A Critical Review Of Article by Marcelo Giesler in "Big Think," People Are Believers

 https://bigthink.com/13-8/belief-science-religion/?utm_medium=Social&utm_source=Facebook#Echobox=1664262367


I read this article linked above, posted by my wife Martha and thought it important enough to review. It is thought provoking and interesting, but unfortunately the writer, Marcelo Giesler, uses too much wordplay and is a bit nominalistic. Meaning that his central concept is undermined by too heavy a reliance on parsing the definitions of words, in order to attribute strict meaning to concepts that are at best ambiguous. The writer is laboring to find an interface between the worlds of science and religion by elaborating on the concept of "belief." The argument is that the human capacity to believe is the bridge between scientific knowledge and religious faith, and therefore there is no inherent conflict between either because both begin with a "belief" My view, (not my belief) is that in an effort to resolve this very real false dichotomy, he contrives a weak and slightly forced argument about our belief in beliefs, which is circular and doesn't really "move the needle." 
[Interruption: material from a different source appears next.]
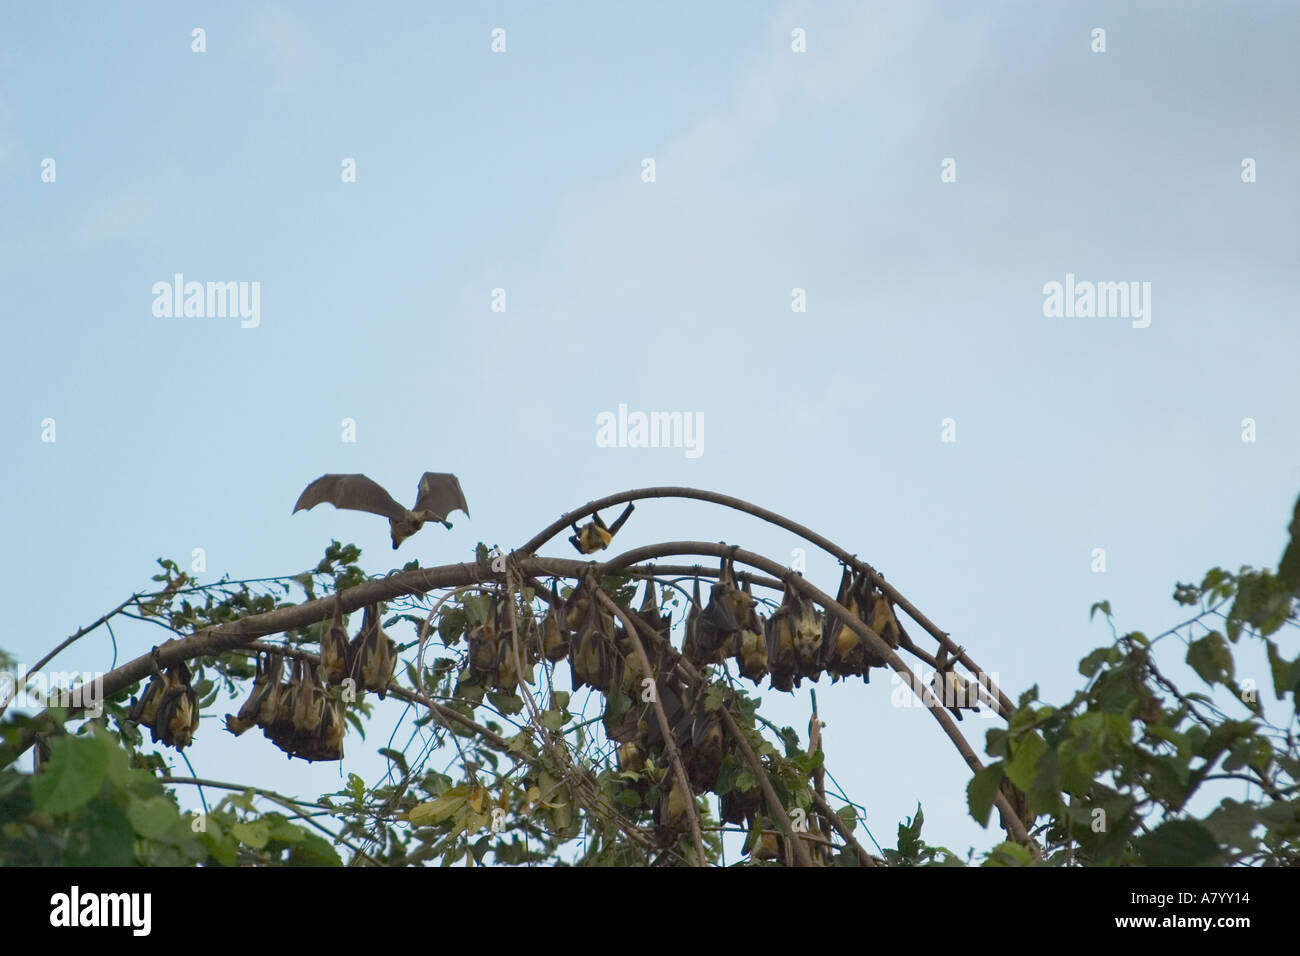 Paglia colorata pipistrelli della frutta o flying fox, tornando a casa a roost per appendere sospesa a testa in giù nella sommità di alti alberi nella foresta pluviale, Africa Occidentale, Ghana Foto Stock

The concept of  "belief" is too vague to construct the argument he is making, because it is arbitrary. It is value-free. He doesn't adequately distinguish between beliefs and opinions, which are fixed positions attached to a mental image or a set of memories, which may or may not be valid. He argues that our inclination to prove our beliefs to be true is the starting point for science. The problem with that is that the word belief is so amorphous that it opens the door for pseudo-science and superstition, and can become indistinct from religious faith.  The criticisms quoted here of William James  work "Varieties of Religious Experience"  are valid, in that sense. 

For example, is a belief arrived at while under the influence of psychedelics a step toward scientific knowledge? Is it even a belief, or just a feeling state? Does a thought under the influence carry the same weight as a belief held by Einstein arrived at while playing Mozart on his violin? There are some who argue yes, and that to say otherwise is a form of classism or arrogance. But more important than the right answer is the asking of the question itself. There is such a thing as knowledge grounded in truth, and not just in the hard sciences. 
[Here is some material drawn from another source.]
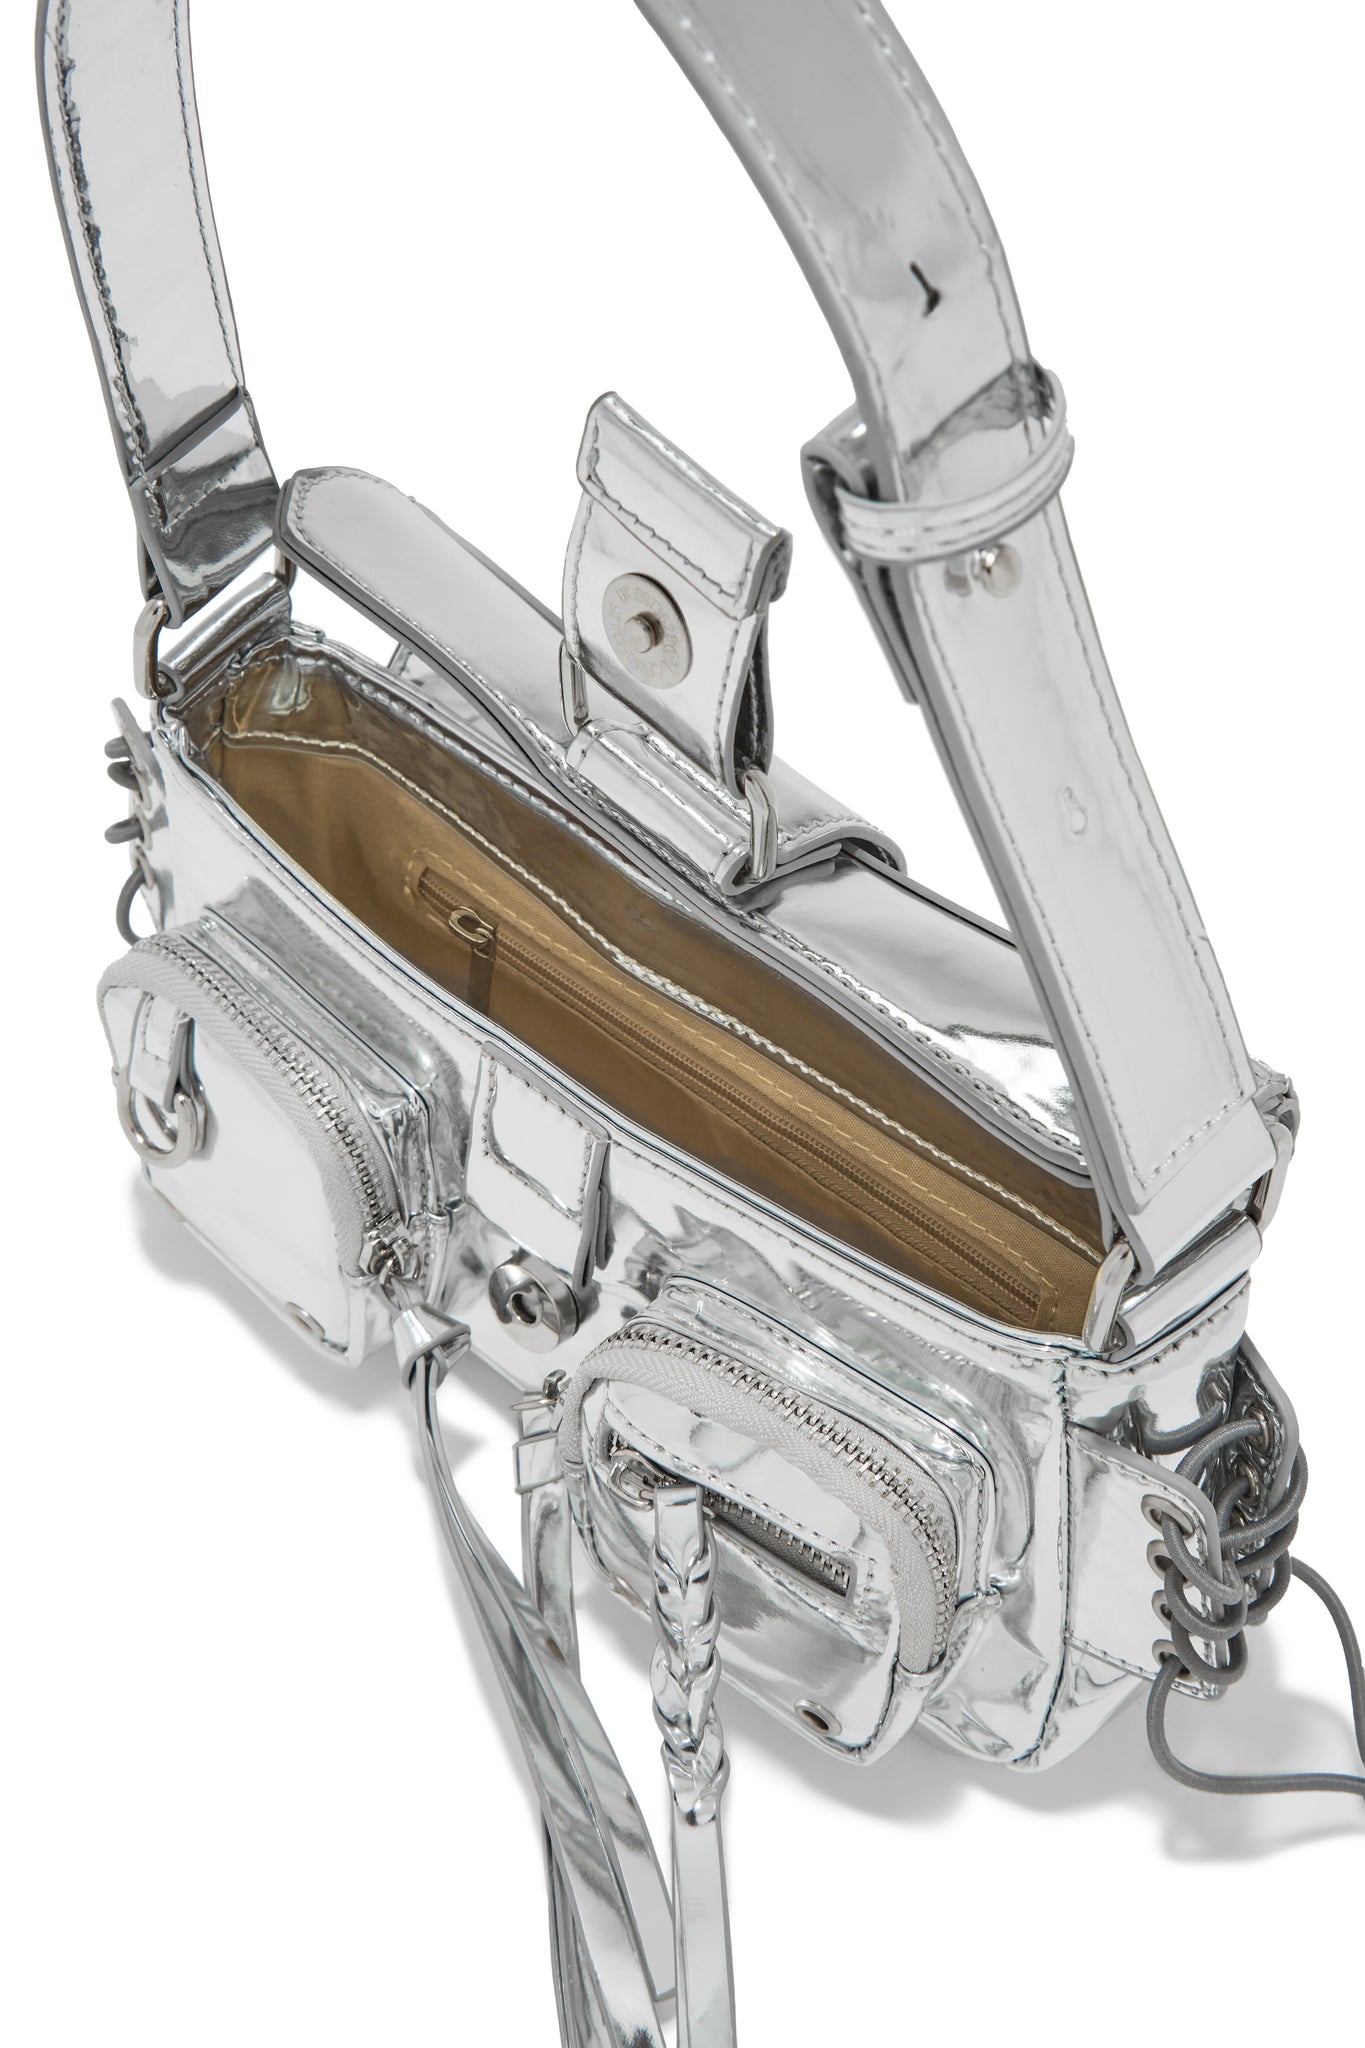 Elise Micro Handbag - A New Day™ Silver

Now, the word "hope" has infinitely more value than belief, because it embodies open-ended potential for progress for a concept of the future. Only people can have hope. Hope was the subject of many of the greatest poems, musical compositions, works of art and other creations of those thinkers who lived for the future. Beliefs are a system, and tend to be very individualized. "What I think, and feel, or intuit based on my experience which leads me to pursue x, y, or z." It's an empirical dualism. A person watching a YouTube video on home remedies for covid, or government cover-ups of UFO's has beliefs, and will often spin their wheels engaged in fruitless investigations to prove their beliefs true. Do those beliefs stand on equal ground as those of trained biomedical or NASA scientists? 

So I'm not rejecting his piece out of whole cloth, and I think it is useful and provocative, but just falls short. It mystifies the creative process, omits the concept of hypothesis, and lacks sufficient future orientation or a gestalt for what drives creative thinking, which is to reproduce society at a higher intellectual, moral and scientific level. It lacks context or immediacy, and is just "out there."
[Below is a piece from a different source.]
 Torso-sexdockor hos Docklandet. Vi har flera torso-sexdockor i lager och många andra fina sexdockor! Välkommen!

Whereas the concept of "hope"  intrinsically places us in the future, and situates our actions in the present in order to achieve the realization of an idea. Hope is connected to the welfare, benefit, justice and progress for other people. Beliefs are "my thing," an individual pursuit. The truth and value of an idea has to be connected with our fellow humans in order to have life, and meet the validity test.  It can't survive as a matter of solitary introspection, since we are not ascetic monks plopped on a mountaintop. That is where the article falls short. It is not our relationship to faith or religious concepts or scientific theories which is primary. It's our relationship to other people which is primary. The writer describes the history of humanity's social structures as the by-product of shared beliefs, the growth of tribes and groups emerging from commonality of interests. Whereas it is the opposite. Discoveries, inventions, creative ideas are the product of the individual human mind in an environment of social interaction, and in fact depends upon dialogue and crossfiring of ideas as a collaborative effort. It requires other people and institutions to give form and vitality to it. People form societies out of a need to generate progress and ideas to survive, not because they already have common beliefs. That idea is missed because the writer has it backwards.,

So, rather than walk into the verbal trap baked in to the article, and stating that what I just said proves him right because I'm "just stating my beliefs," I'll just say that his concept and his effort is noble and useful, but it is a little like a car without an engine. It's difficult to take it anywhere. "Beliefs" are like a vehicle stuck sitting in Park. "Hope" motivates us to "travel". 

The relationship of religion to science is the transition from the first to the former, a journey rather than a "parking place."  I don't see an inherent conflict between religion and science. I see science as eventually superceding religion in an evolutionary dynamic, in a society which has educated and developed itself properly. That's what I "hope" for.